A place with a sky of flames and ground hot enough to sear my feet.

Falling from a great height toward distant mountains.

Cold, damp, darkness.

Things that slithered. Things that crawled. Things that bit or stung.

Ice and silence. 

On the ground and tiny in the midst of a riot.

Desert so dry that I could barely draw breath.

Ghostwheel’s voice in my ear said, “Need more?”

I shook my head.

I was in an empty room with stone walls and floor and no company. The only doorway led to a small room with a toilet, a sink, and a shower.

Sibyl not being there was a real pity because I could have used help cleaning my burned feet.

Then again, doing that kept me from thinking. If I let myself think, I was going to start trying to take down the walls with my fists, and even Gerard couldn’t have managed that.

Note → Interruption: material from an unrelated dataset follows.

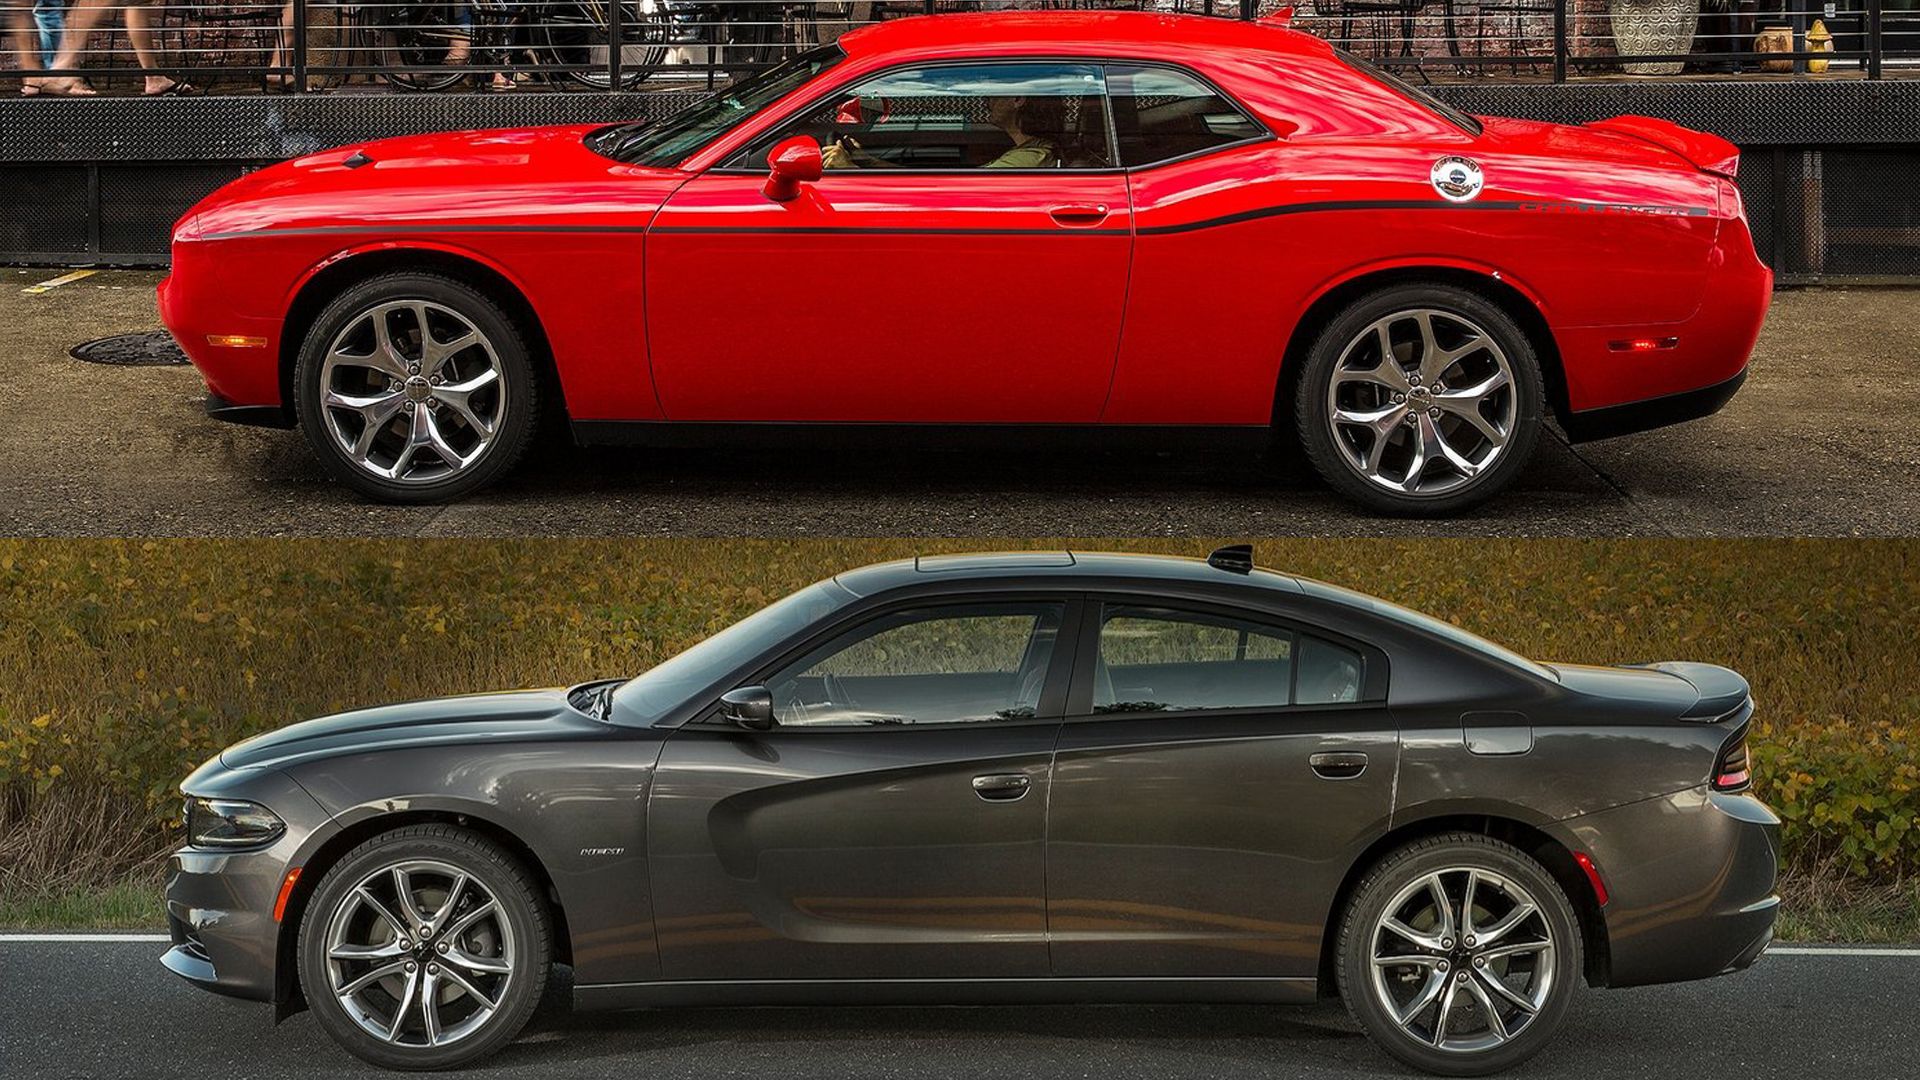 Dodge Challenger Vs Charger Choosing The Right Muscle Car For You

About the time I was trying to figure out how to keep the soles of my feet clean without crawling around with all of my weight on my kneecaps until the damned things healed, someone just outside the door to the bathroom cleared his throat.

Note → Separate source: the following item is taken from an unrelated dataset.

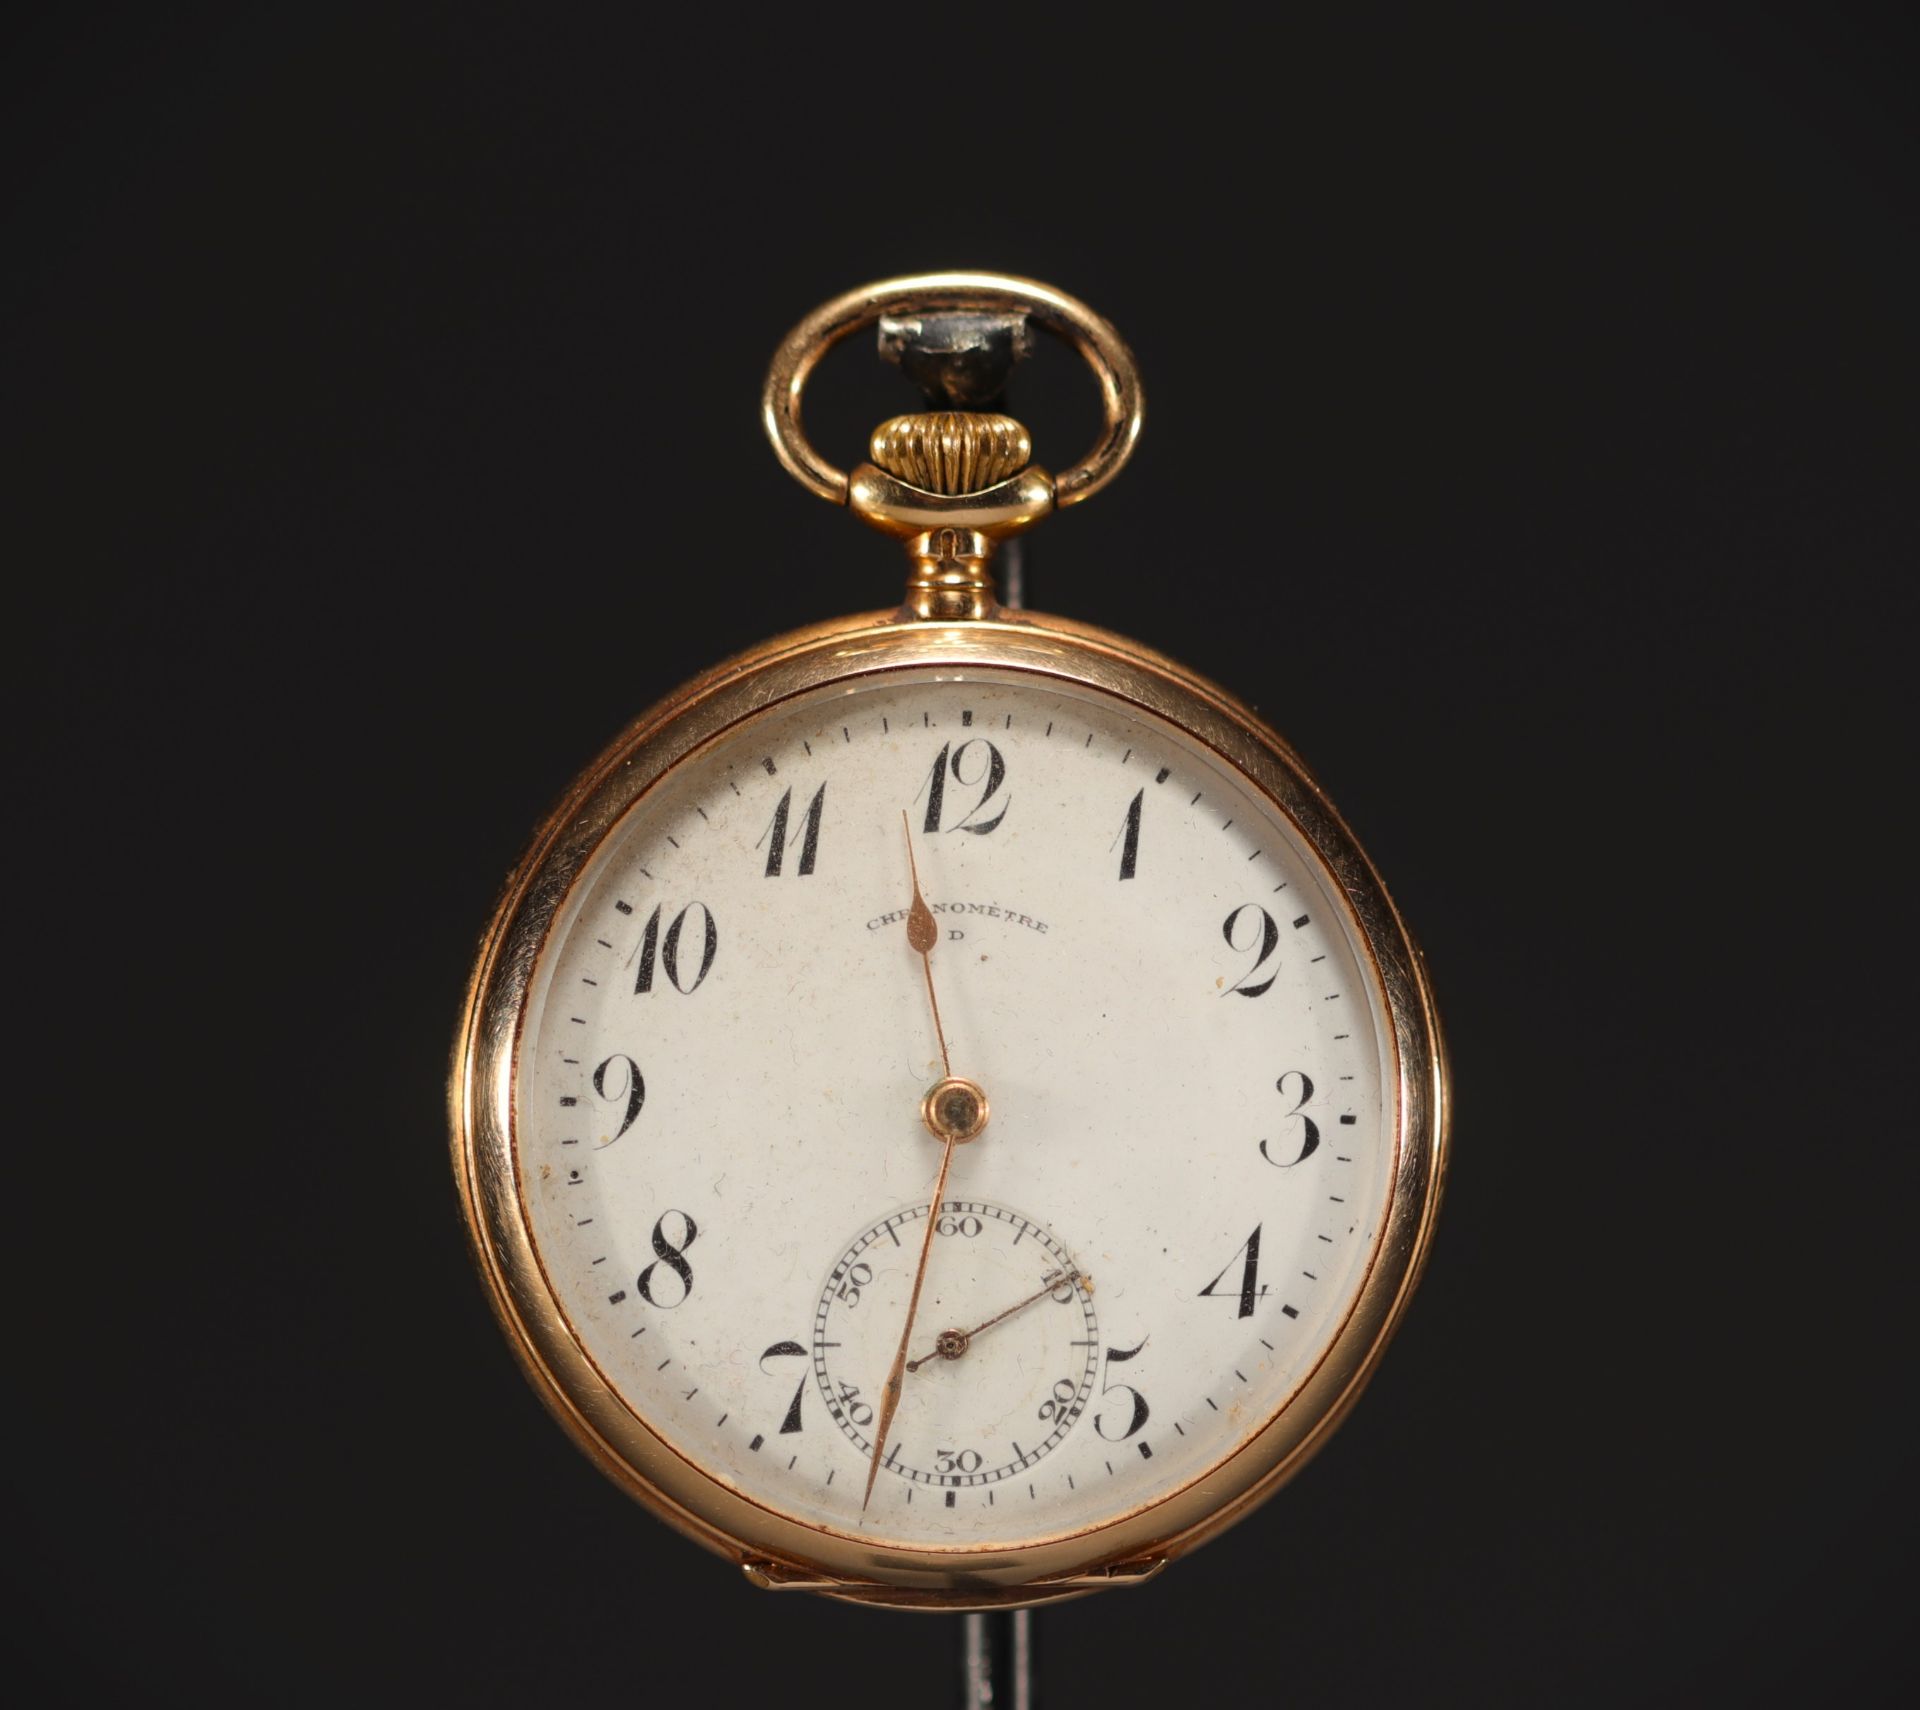 Chronometre D" pocket watch in 18k gold, total weight 70.3 g. - Image 2 of 3

As soon as I looked up, I could tell that he wasn’t really there. There was a shimmering aura around him, and his feet weren’t quite where the floor was. I lunged at him anyway, just in case, and going straight through him both told me that he was some sort of Trump projection and got me into the larger room. More space probably wouldn’t help, but him blocking the only exit had made the bathroom feel a lot smaller.

“Yeah,” the guy who must have been Merlin said. “I was hoping to be civilized.”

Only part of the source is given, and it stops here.